Bir motosikletiniz veya bisikletiniz var mı? Kullanıyor musunuz?

- Çocukluğumda motosikletim olmadı. Bisikletim de olmadı. Ne zaman üretmeye başladım, o zaman üstüne bindim. Bazen keyif için elektrikli bisikletlere ve bisikletlere biniyorum. 

İsmail bey sohbetiniz için teşekkür ediyorum. Eklemek istediğiniz bir şey var mı?

Arkadaşlar devir artık bir şeyi alıp satalım devri değil.
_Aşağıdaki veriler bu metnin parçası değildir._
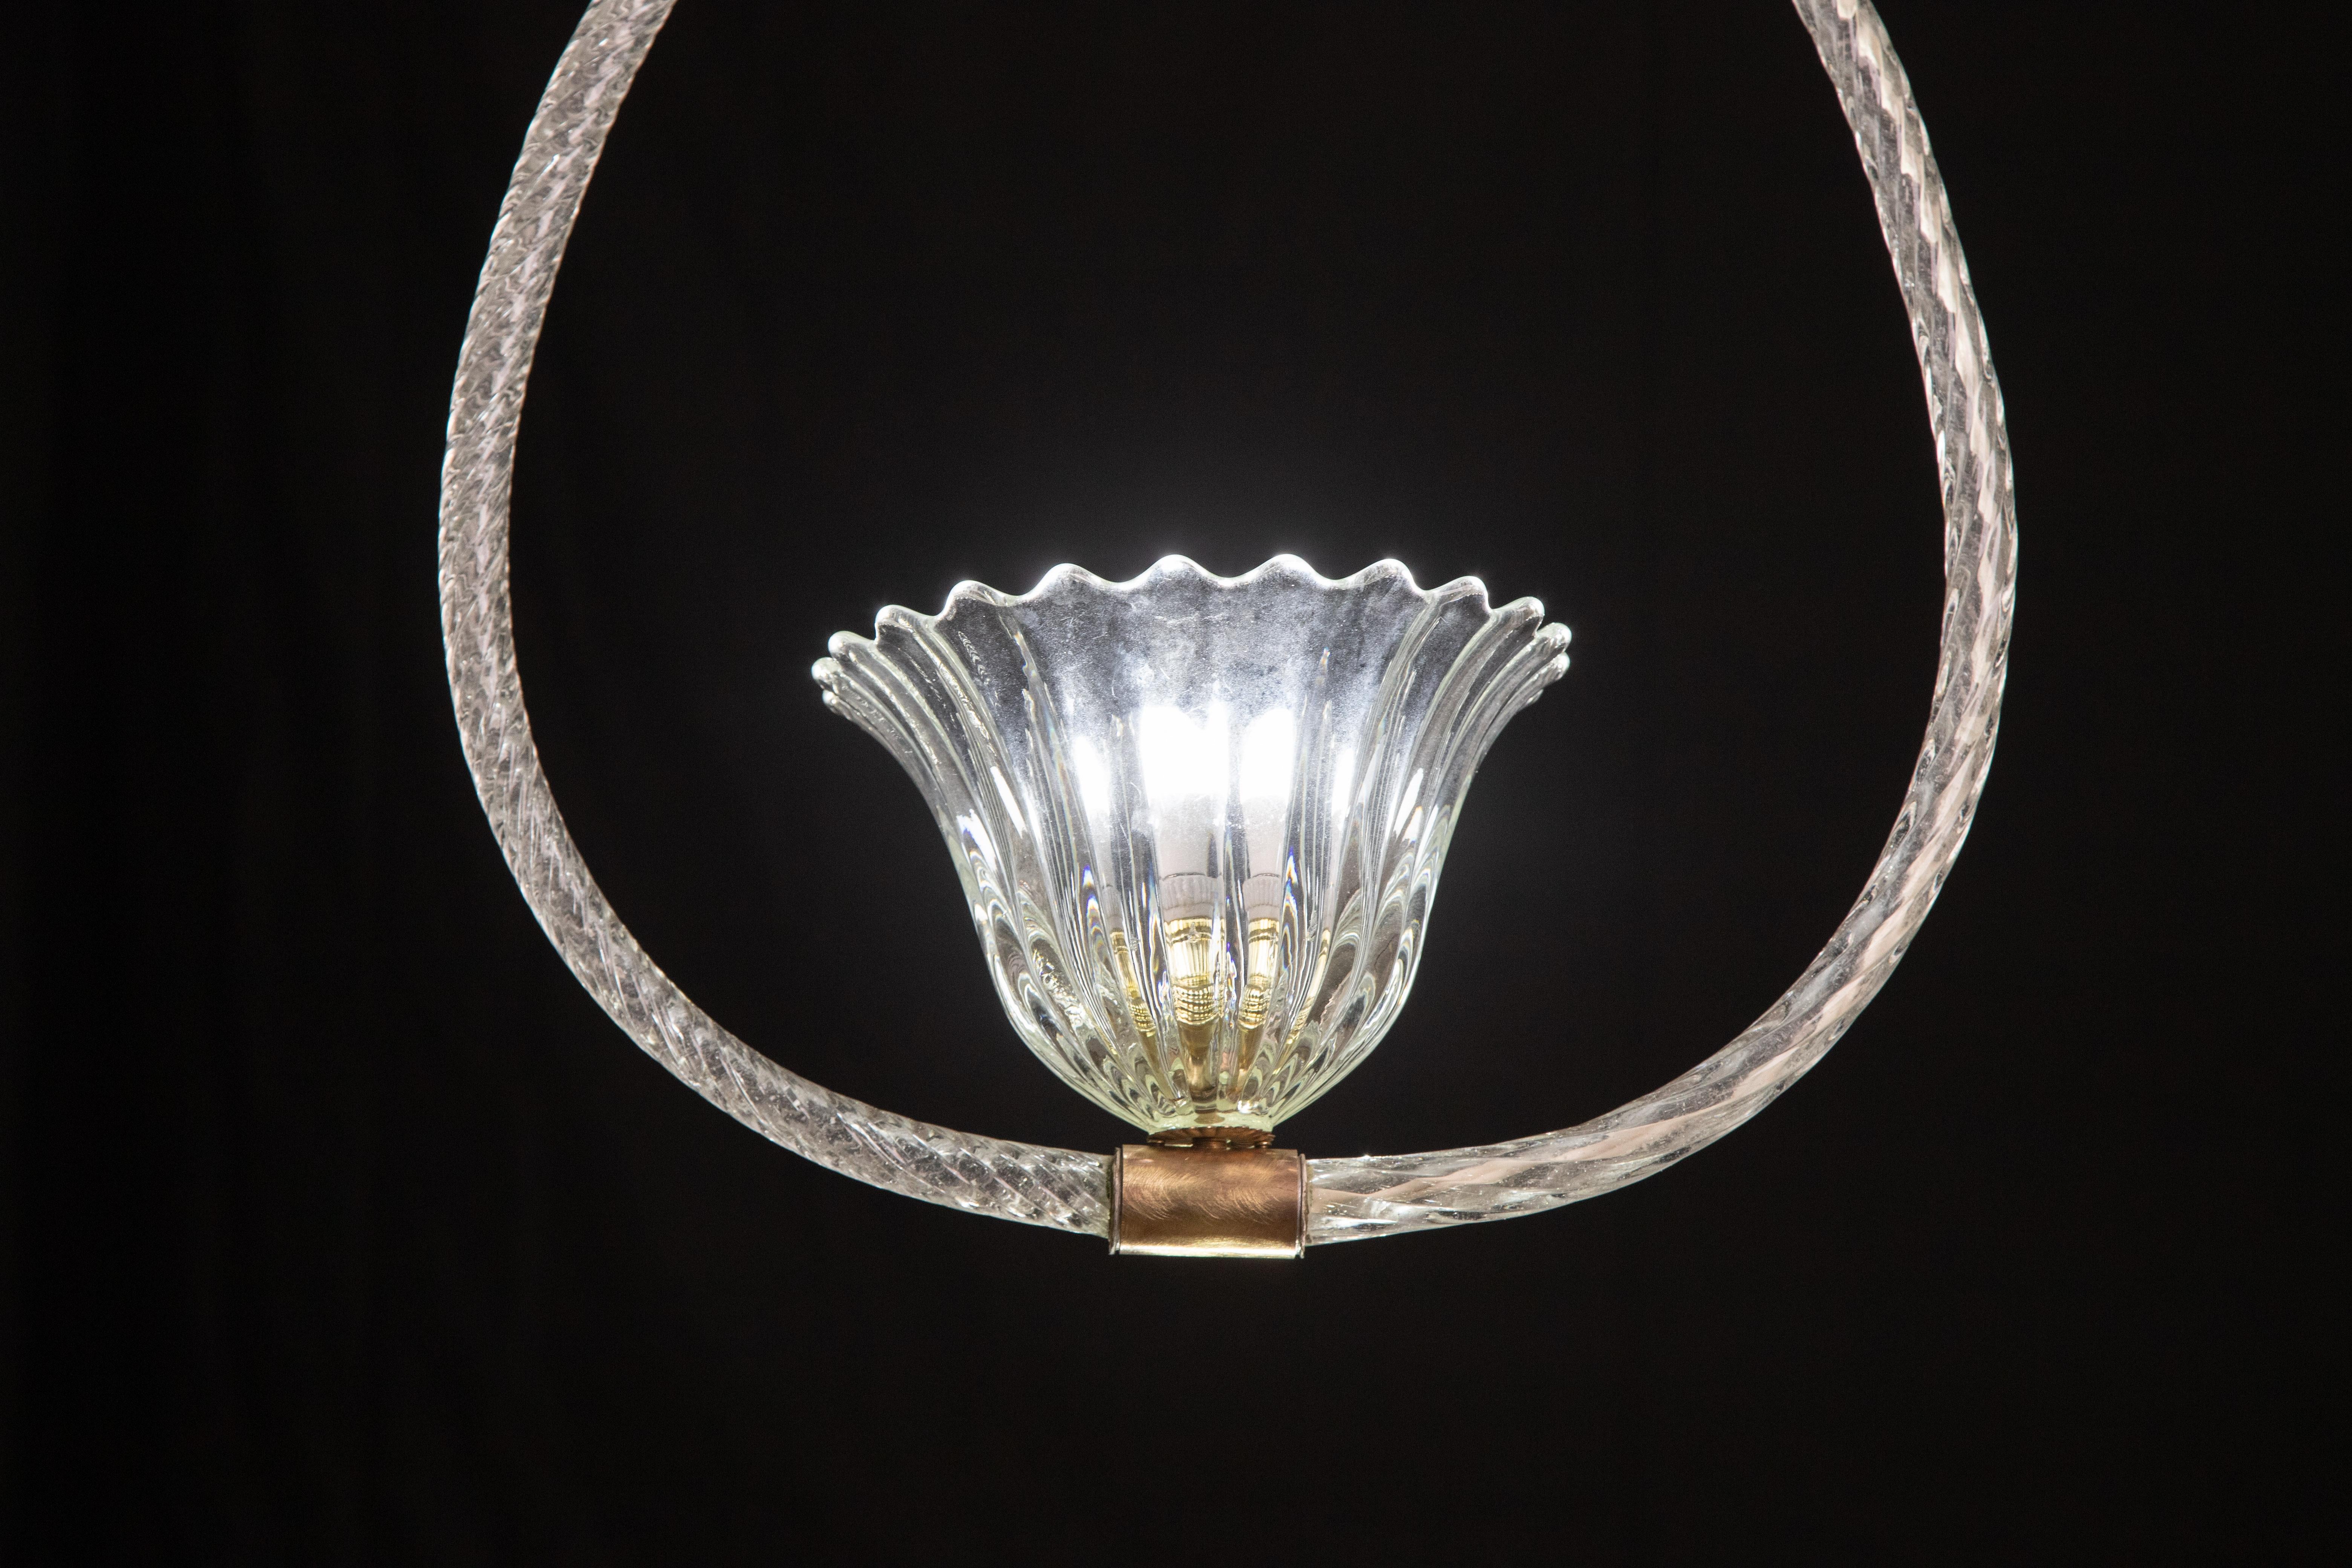 Set of 2 Barovier and Toso Light Pendant, Murano Glass, 1940s For Sale 1
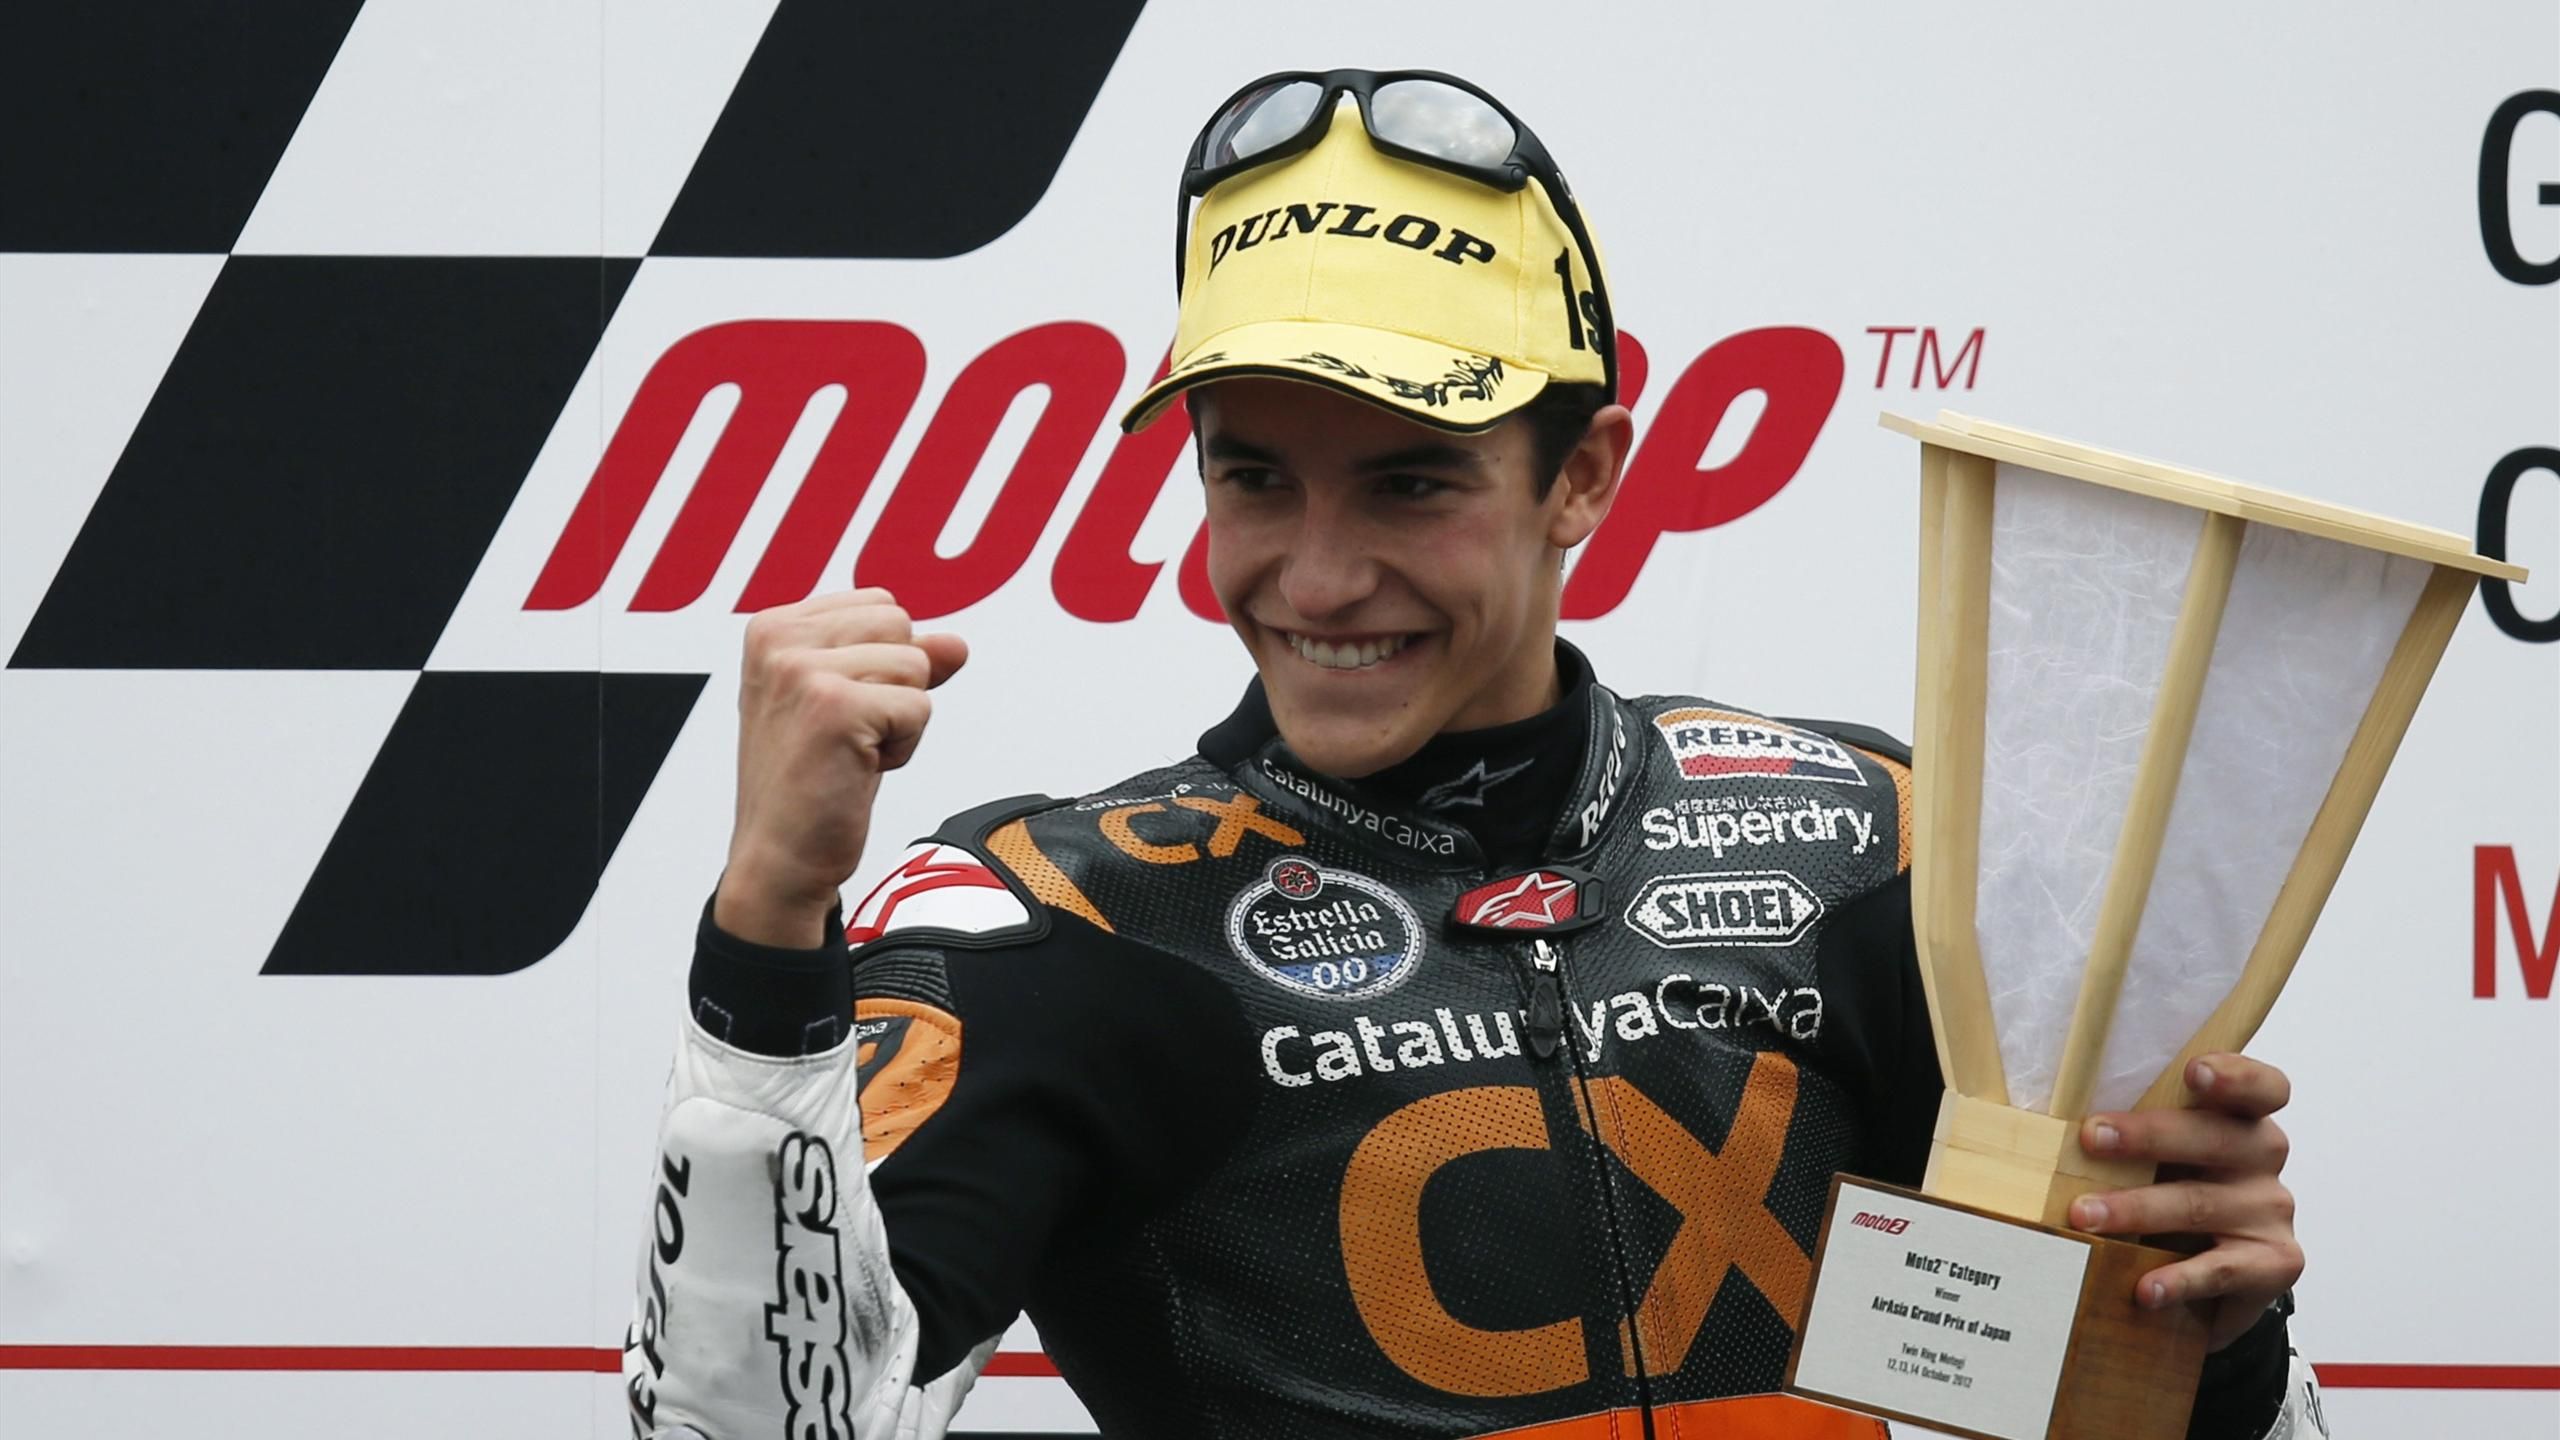 Marquez returns with superb podium on Sprint and authors classic comeback  on Sunday - WE ARE 93

Artık üretme vakti geldi. İnternet satışı yüzde 50-60’a ulaşmış. Artık ticari mağaza açmanın bir faydası yok. Küçük de olsa bir üretim yapmak önemlidir. Devletin üretimi desteklemesi ve önünü açması gerekiyor. Bu ülkeye üreterek daha çok katma değer sağlarız. Cumhurbaşkanımız, sanayicilerin önünü açın. Kapınızdan boş çevirmeyin diyor. Ama ne hikmetse bazı engelleri bir türlü aşamıyoruz.